- INPUT:

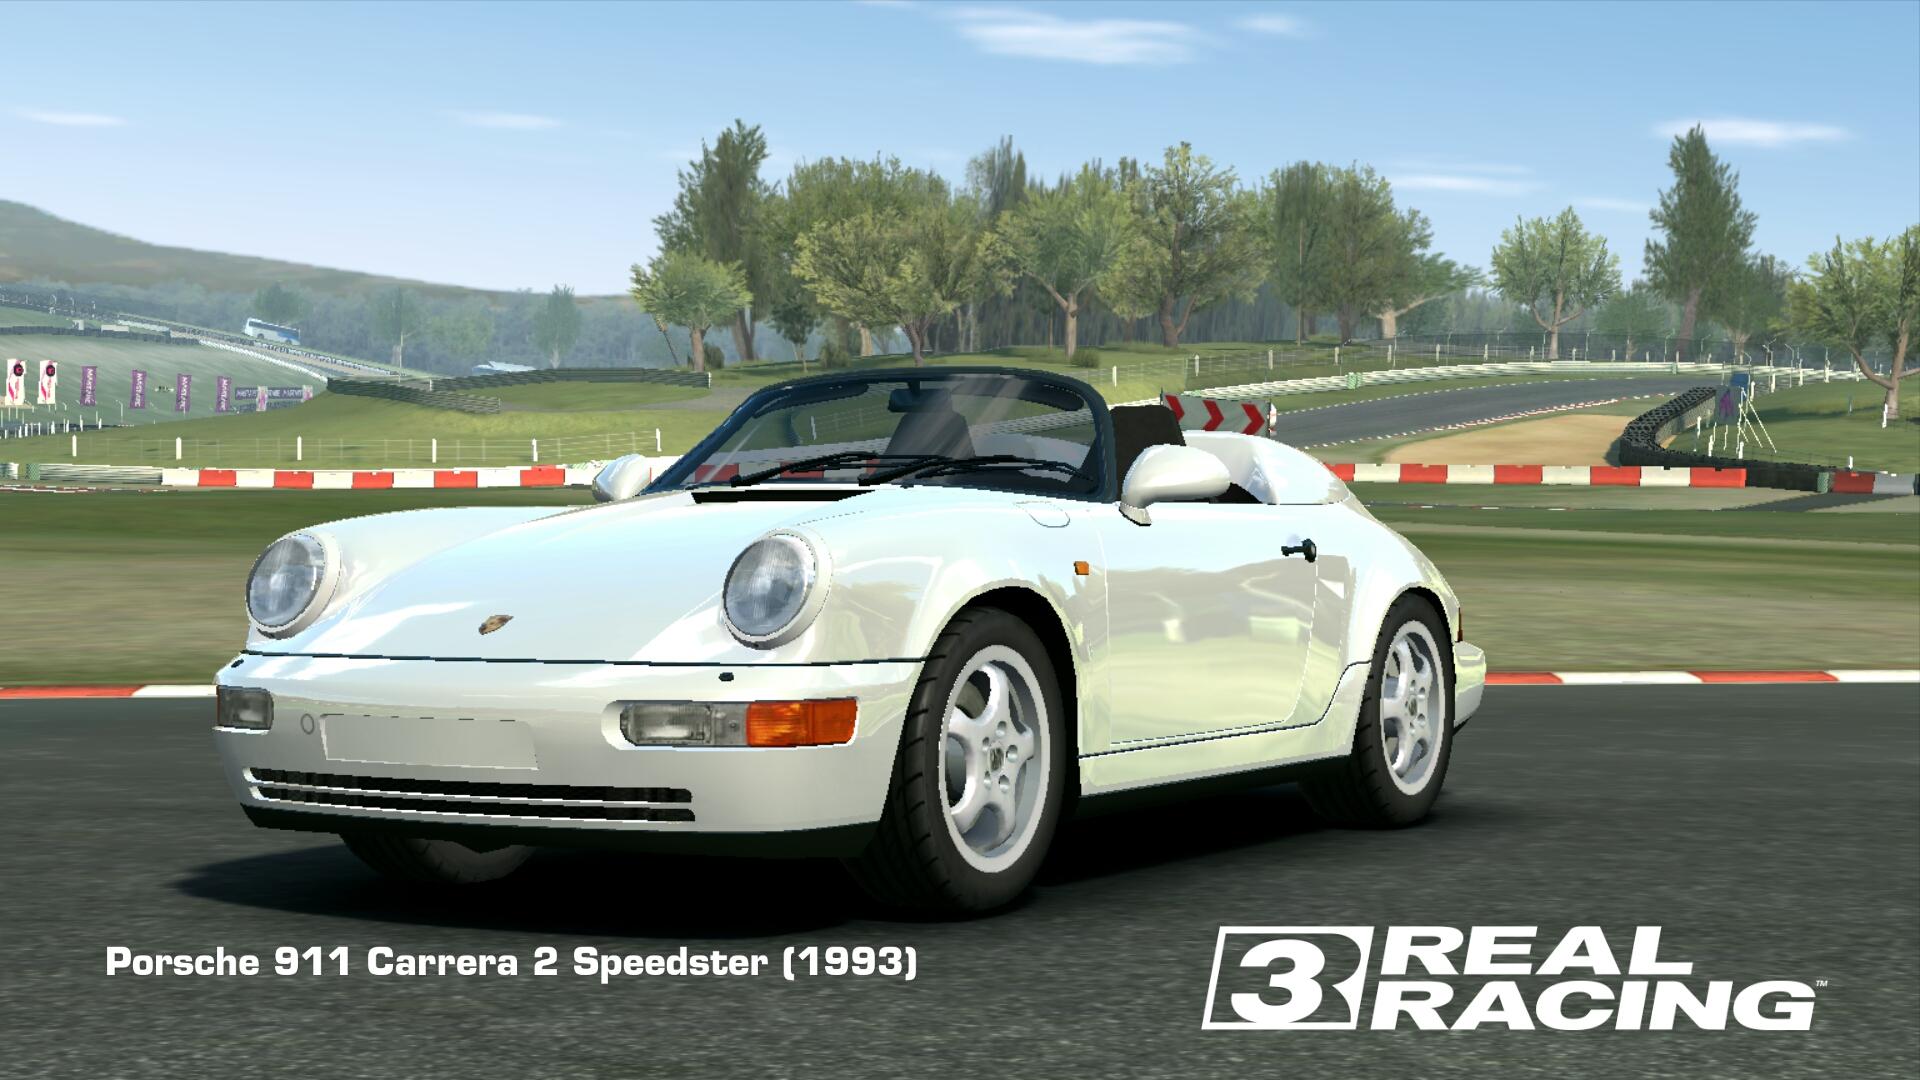 Showcase Porsche 911 Carrera 2 Speedster (1993)
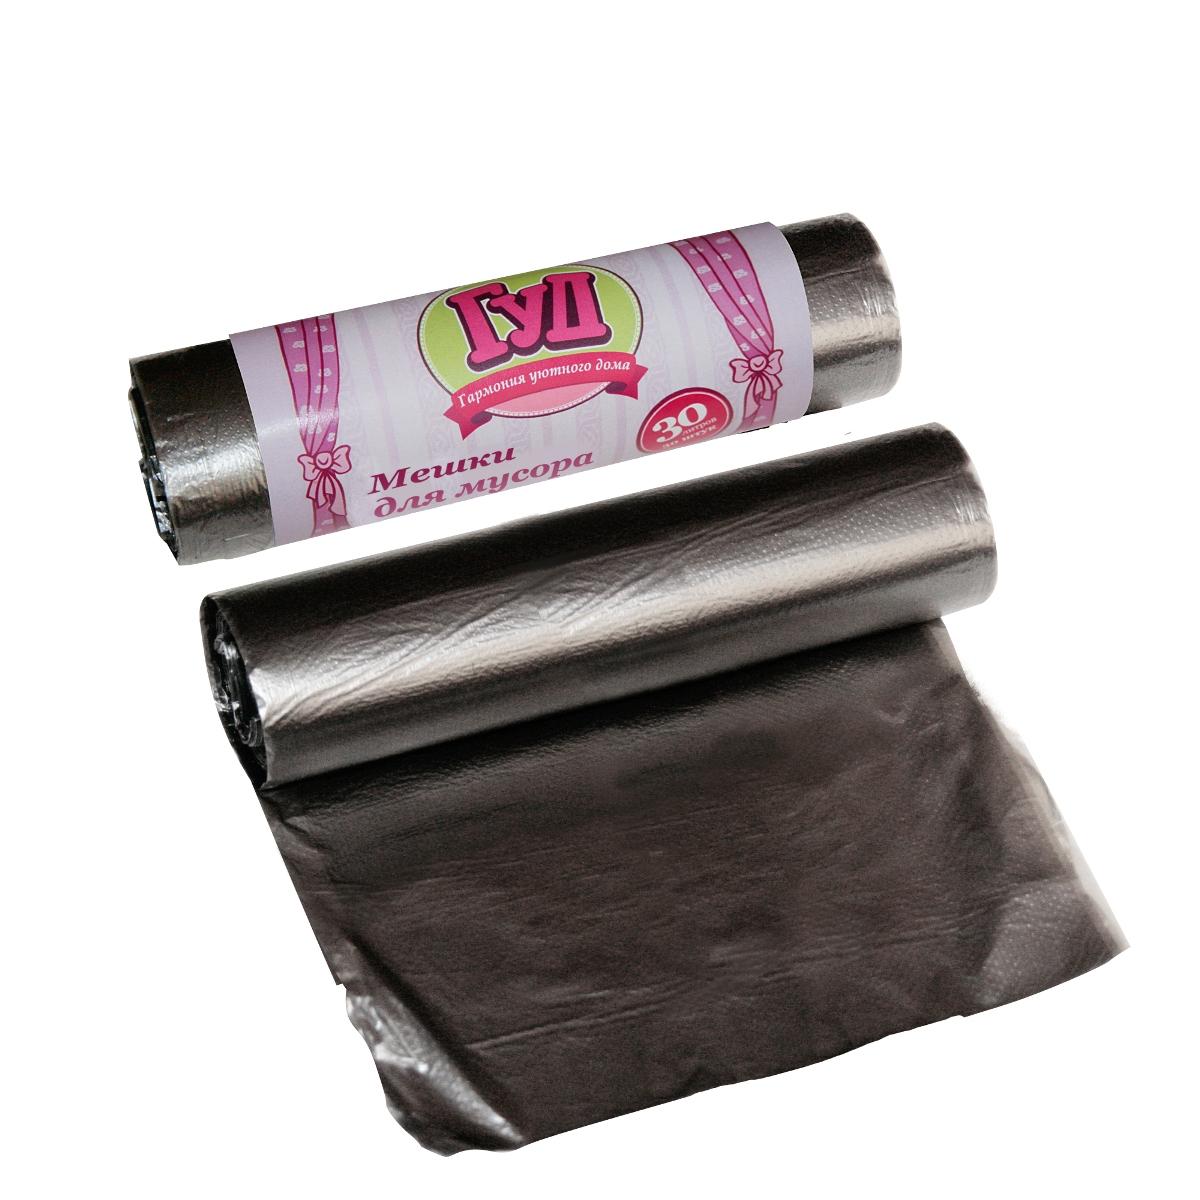 Мешки для мусора Гуд, цвет: черный, 30 л, 30 шт8.1
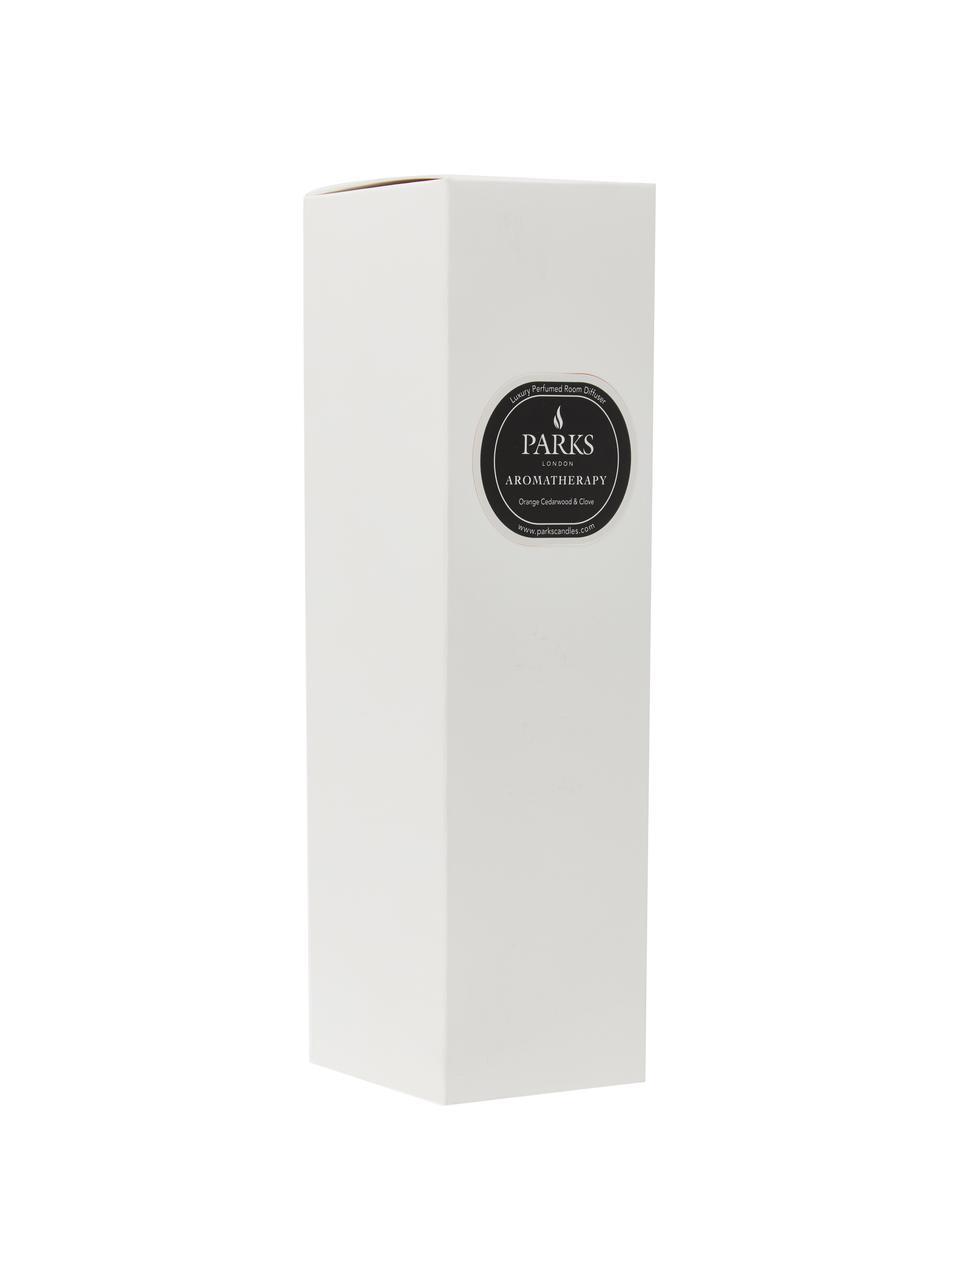 Diffuser Aromatherapy (Orange, Zedernholz & Nelke), Verschluss: Holz, Schwarz, Weiß, Ø 6 x H 14 cm
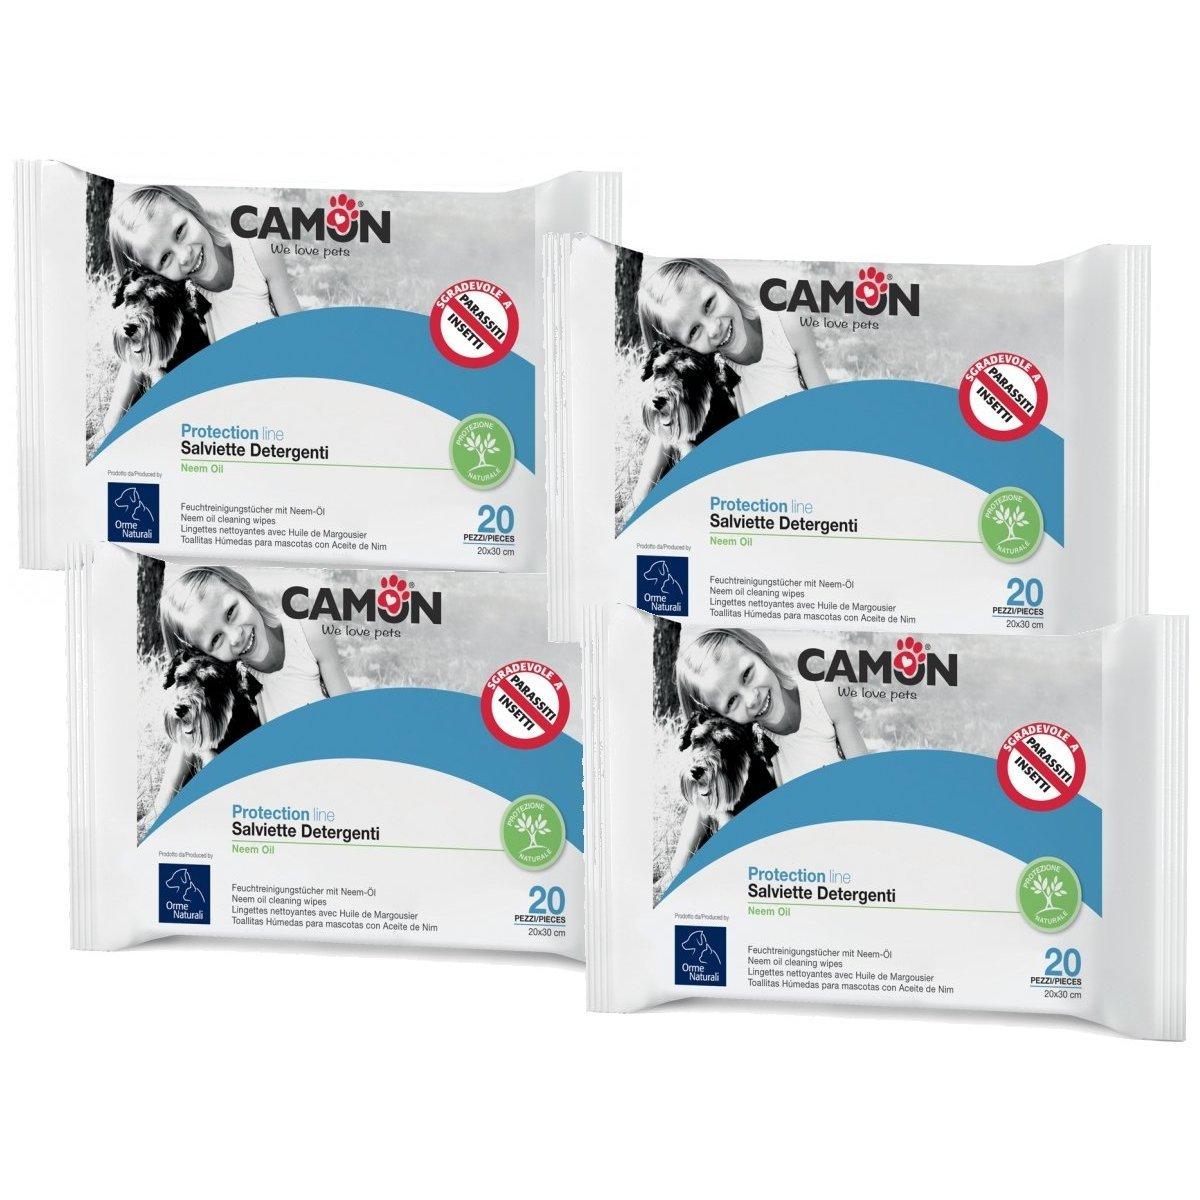 Camon Toallitas Limpiadoras antiparassitarie al aceite de neem para perros y gatos 4 paquetes: Amazon.es: Productos para mascotas
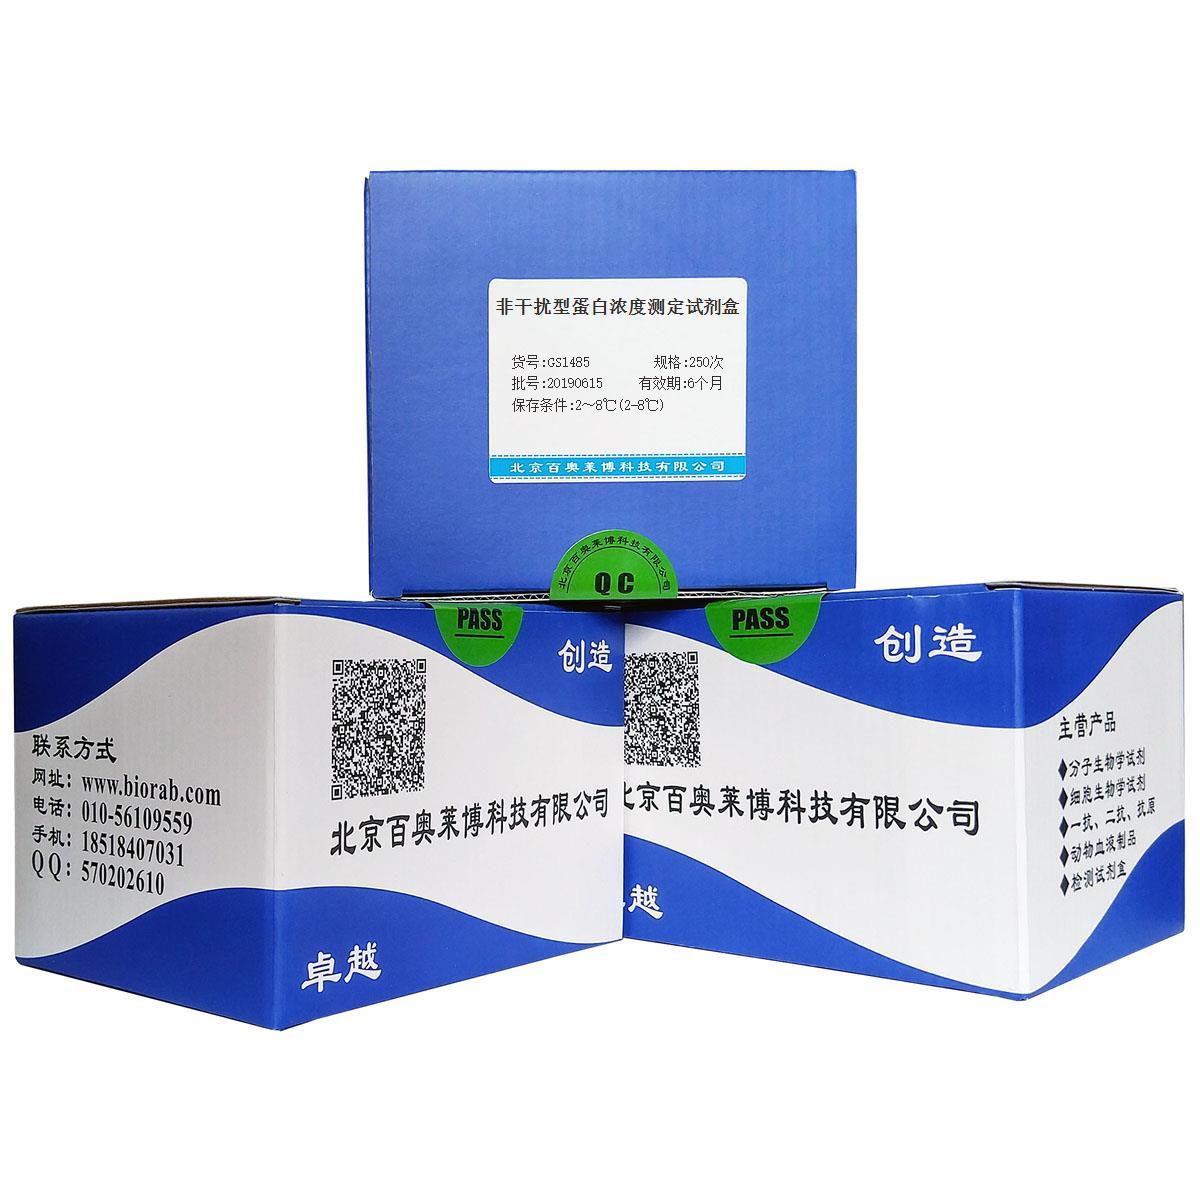 非干扰型蛋白浓度测定试剂盒报价
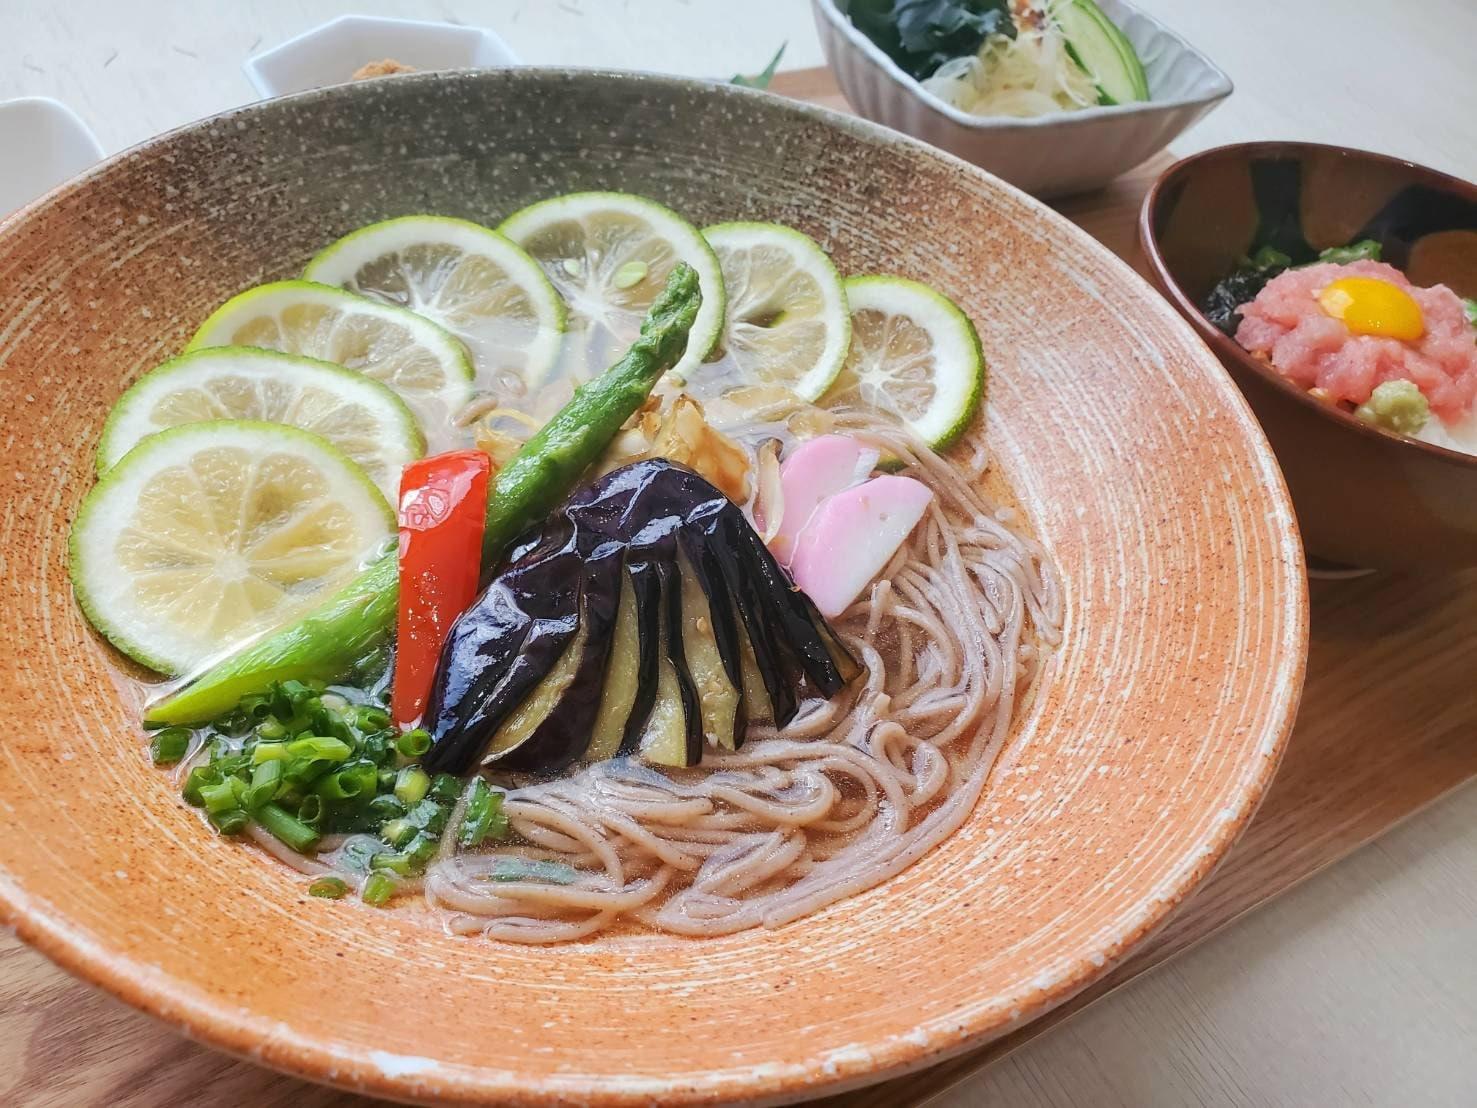 栄養士監修 1日の1/2の野菜が摂れる十割そばセットのイメージその3

- ASSIGNED TASK: Please repeat, exactly and with nothing else, the lines from the one containing "非干扰型蛋白浓度测定试剂盒报价" to the last line of the entries, both included, excluding any pictures.

- OUTPUT OF THE TASK:
 非干扰型蛋白浓度测定试剂盒报价
 栄養士監修 1日の1/2の野菜が摂れる十割そばセットのイメージその3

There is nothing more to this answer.